LAWS(CE)-1999-8-300

SHRI RAM BEARING LTD. Vs. CCE

Decided On August 11, 1999
Shri Ram Bearing Ltd. Appellant
V/S
CCE Respondents

JUDGEMENT

(1.) M /s. Shriram Bearings Ltd. have filed the present appeal against the order dated 25.3.1998 passed by the Commissioner, Central Excise, Jamshedpur. Briefly stated the facts are that the appellants manufacture ball bearings and avail of Modvat credit of the duty paid on inputs under Rule 57A of the Central Excise Rules. They cleared ball bearings valued at Rs. 2,87,91,035/ - during the period from April, 1990 to July, 1993 for special industrial purposes at nil rate of duty. The Commissioner under the impugned order, disallowed Modvat credit amounting to Rs. 11,73,238.49 and imposed a penalty of Rs. 50,000/ -, holding that when final product is chargeable to nil rate of duty under an exemption notification, credit of duty paid on inputs is not available as per the provisions of Rule 57C of the Central Excise Rules. He relied upon the decision in the case of Shiv Industries, : 1996 (88) ELT 71.

(2.) SHRI Gopal Prasad learned Advocate, submitted that ball bearings were leviable to duty at the tariff rate and at no time the ball bearings were exempt from payment of duty at the time of receipt of inputs; that resultantly the Modvat credit was correctly availed of; that the ball bearings supplied to the buyers on the strength of CT2 certificate were not of any specific industrial design, specific to the use for specified industrial purpose. He also mentioned that most of the demand was barred by limitation for the reason that the show cause notice had been issued for period beyond six months from the date of taking the Modvat credit in RG 23 Pt. I & II in respect of the inputs concerned and the allegation of suppression and wilful misdeclaration was not sustainable. The learned advocate referred to paragraphs 1 and 4 of the decision in Khanbhai Esoofbhai v. CCE,, 1999 (107) ELT 557 (T) wherein it was mentioned that conflicting views were expressed by different Benches of the Tribunal whether Modvat credit once validly taken can be disallowed when the final product had been exempted, to show that no irregularity was committed by the appellants in taking the Modvat credit. He further mentioned that they were not required to file a new classification list before clearing the ball bearings at nil rate of duty under GP 2 as observed by the Commissioner; that the appellants filed a revised price list which was approved which showed that final goods were sent under Chapter X Procedure; that GP 2 shows duty payable; AR 3 Number was mentioned which go to show that the fact of clearing the final goods at nil rate of duty was not suppressed from the Department. He relied upon the decision in the case of Corned Chemicals v. CCE, Baroda,, 1998 (77) ECR 409. The learned Advocate also submitted that there was no mention of interest in the show cause notice and as such interest cannot be demanded; that as the amount pertains to the period prior to 1993; interest cannot be demanded as the provision for charging the interest has been inserted in the Rules subsequently. Finally, he submitted that the Commissioner did not hear them before quantifying the amount of Modvat credit to be disallowed; that once the quantification of disputed amount was sent to office by the Commissioner, they should have also been heard; that no penalty is imposable as no irregularity was committed by them.

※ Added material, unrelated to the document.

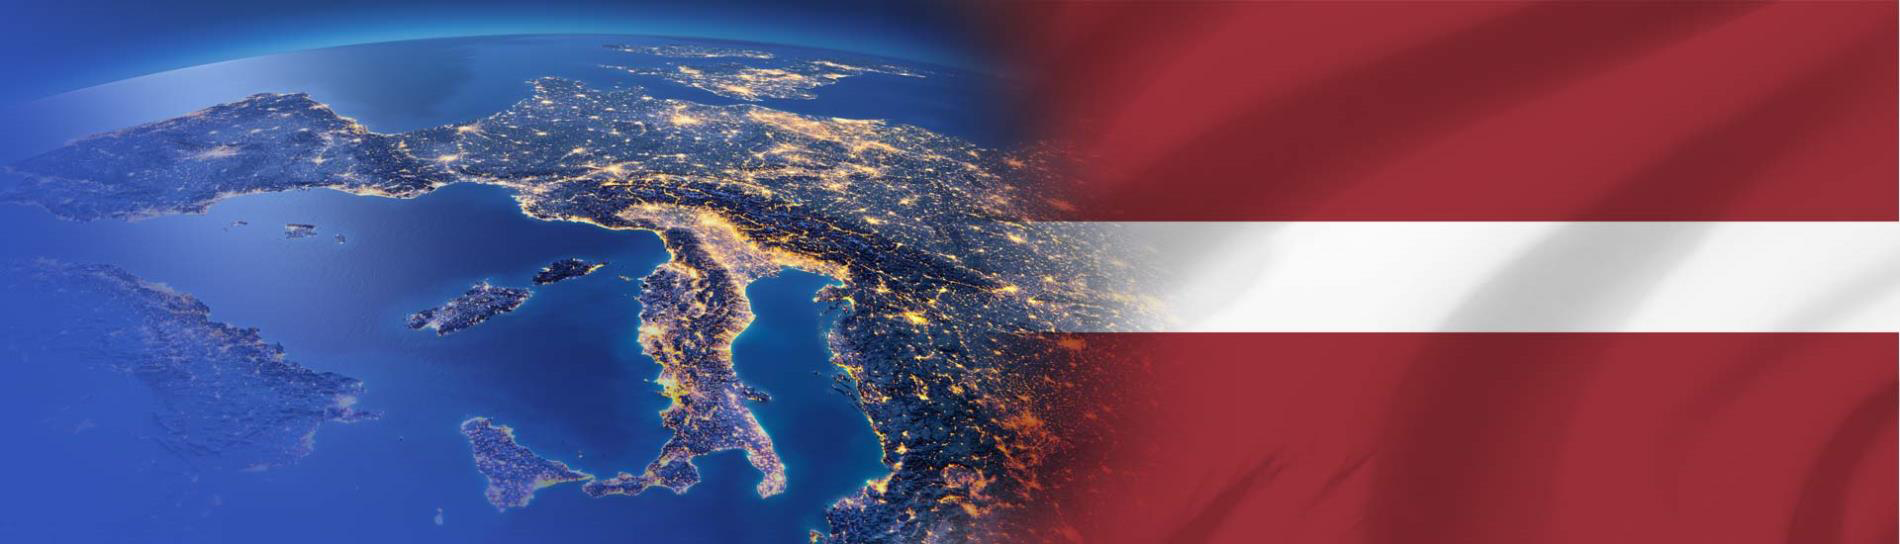 flamuri i Letonisë në kontinentin e Evropës

(3.) THE learned D.R. also submitted that under Self Removal Procedure, it was incumbent upon the appellants to file a classification list before clearing the goods at nil rate of duty and non -filing of classification list has been held amounting to suppression in the case of Jaishree Engineering Co P. Ltd. v. CCE, 1989 (40) ELT 214 (SC) :, 1989 (21) ECR 177 (SC :, ECR C 1376 SC; Metal Box of India v. CCE,, 1995 (75) ELT 449 (SC) :, 1995 (56) ECR 625 (SC) and Pusphpam Pharmaceuticals Co. v. CCE,, 1995 (78) ELT 401 (SC) :, 1997 (71) ECR 329 (SC) Regarding quantification of amount of Modvat credit to be reversed, he submitted that the Commissioner has dealt with the aspect in details in the impugned order and no averment has been made by the appellants against the same. He read out the findings of the Commissioner in this regard as contained in the internal page 12 of the impugned order; that Commissioner had met all the points raised by the Appellants and his findings have not been challenged by the appellants.